Closed nsheff closed 5 years ago
this command:
> `(fastp --overrepresentation_analysis --thread 8 \
--in1 /ext/yeti/processed/ppqc_test/results_pipeline/GSM3618128/fastq/GSM3618128_R1.fastq --adapter_sequence TGGAATTCTCGGGTGCCAAGG \
--length_required 18 --html /ext/yeti/processed/ppqc_test/results_pipeline/GSM3618128/fastqc/GSM3618128_R1_rmAdapter.html \
--json /ext/yeti/processed/ppqc_test/results_pipeline/GSM3618128/fastqc/GSM3618128_R1_rmAdapter.json --report_title 'GSM3618128' \
-o /ext/yeti/processed/ppqc_test/results_pipeline/GSM3618128/fastq/GSM3618128_R1_noadap.fastq )\
2> /ext/yeti/processed/ppqc_test/results_pipeline/GSM3618128/fastqc/GSM3618128_R1_rmAdapter.txt | seqtk trimfq -b 0 -L 30 - | seqtk seq -r - \
> /ext/yeti/processed/ppqc_test/results_pipeline/GSM3618128/fastq/GSM3618128_R1_processed.fastq` (13181,13183,13190)
<pre>
</pre>
Command completed. Elapsed time: 0:01:48. Running peak memory: 0.019GB.

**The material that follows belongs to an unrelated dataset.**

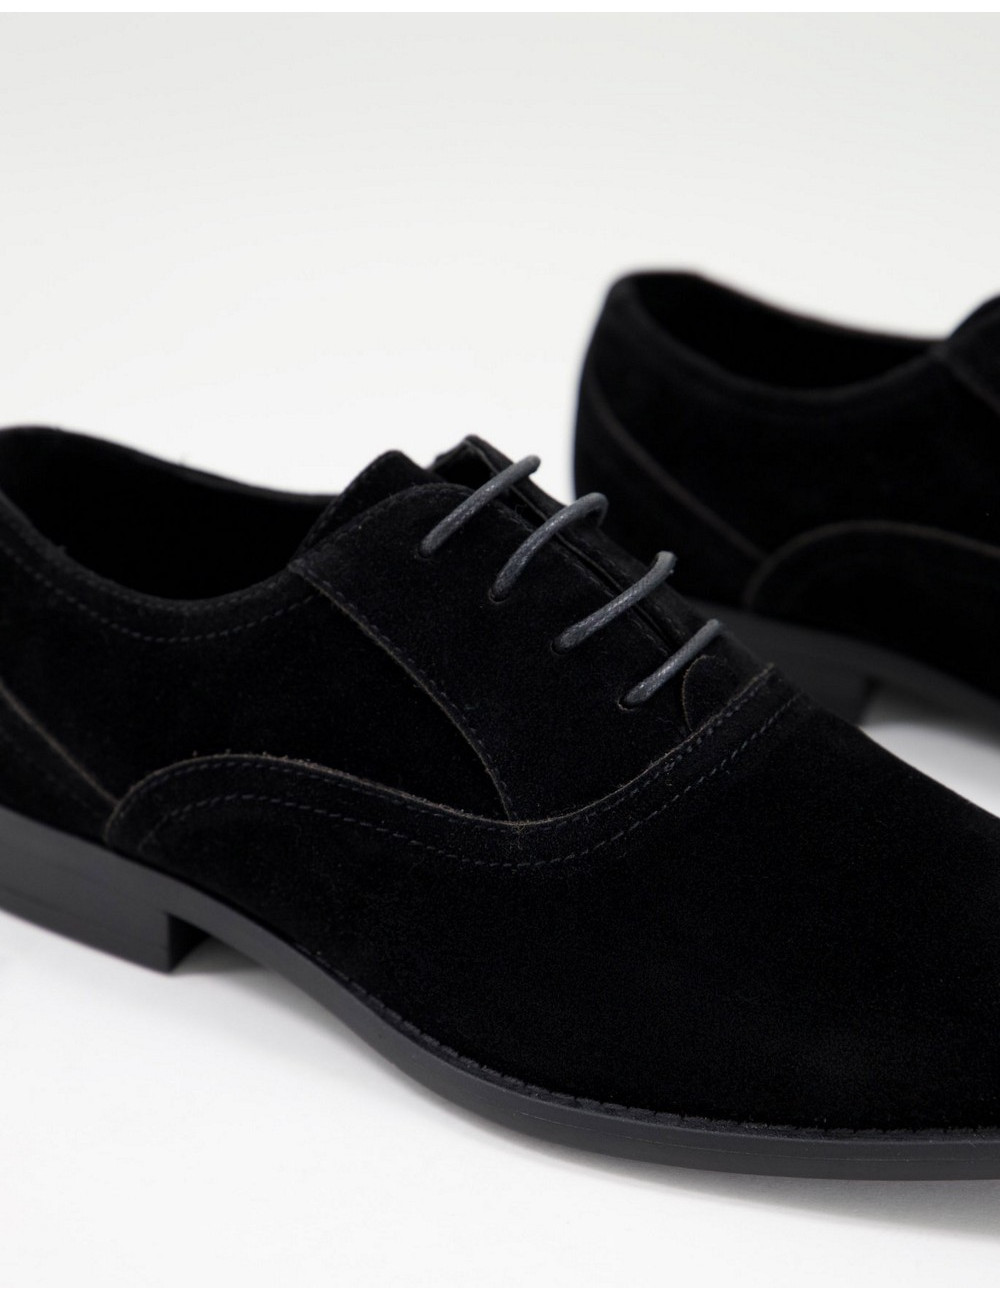 ASOS DESIGN oxford shoes in...

PID: 13181; Command: fastp; Return code: 0; Memory used: 0.019GB
PID: 13190; Command: seqtk; Return code: 0; Memory used: 0.019GB
PID: 13183; Command: seqtk; Return code: 0; Memory used: 0.019GB
appears to be creating an empty file in GSM3618128_R1_processed.fastq
This large fastp command is direction stdout into the GSM3618128_R1_processed.fastq
file, but I can confirm that the command does not actually have any stdout...

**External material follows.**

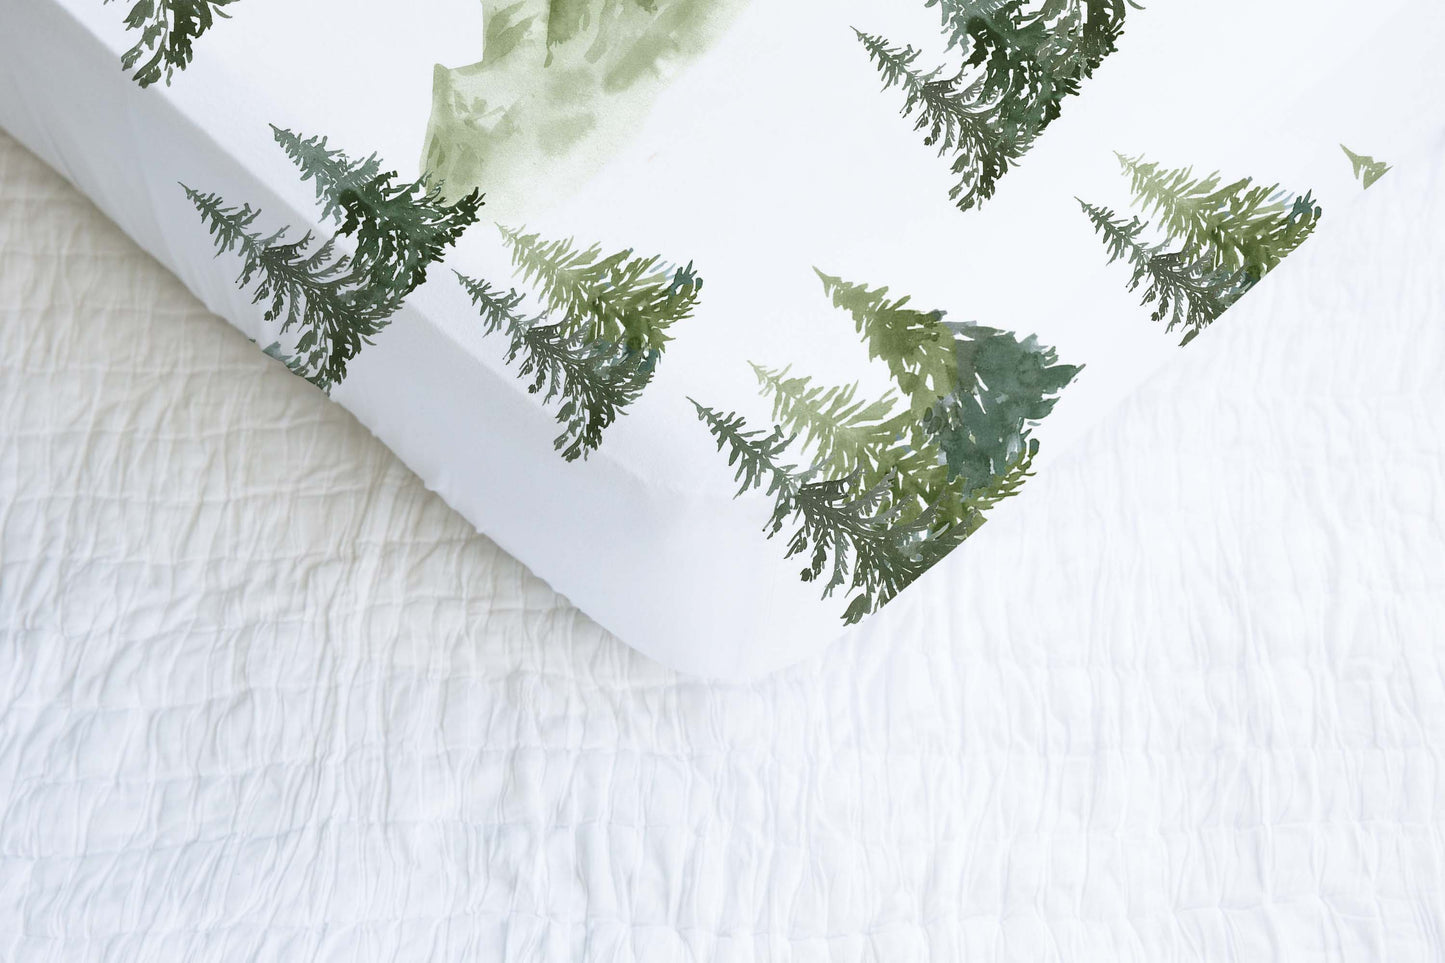 Mountains and Pine Trees Crib Sheet, Forest Nursery Bedding - Enchanted Green

It appears instead to be using the -o
flag to direct the "read1 ougtput file" into the R1_noadap.fastq file:
(fastp --overrepresentation_analysis --thread 8 --in1 /ext/yeti/processed/ppqc_test/results_pipeline/GSM3618128/fastq/GSM3618128_R1.fastq --adapter_sequence TGGAATTCTCGGGTGCCAAGG --length_required 18 --html /ext/yeti/processed/ppqc_test/results_pipeline/GSM3618128/fastqc/GSM3618128_R1_rmAdapter.html --json /ext/yeti/processed/ppqc_test/results_pipeline/GSM3618128/fastqc/GSM3618128_R1_rmAdapter.json --report_title 'GSM3618128' -o /ext/yeti/processed/ppqc_test/results_pipeline/GSM3618128/fastq/GSM3618128_R1_noadap.fastq )
Read1 before filtering: total reads: 47446064 total bases: 2080338564 Q20 bases: 2025600908(97.3688%) Q30 bases: 2008391701(96.5416%)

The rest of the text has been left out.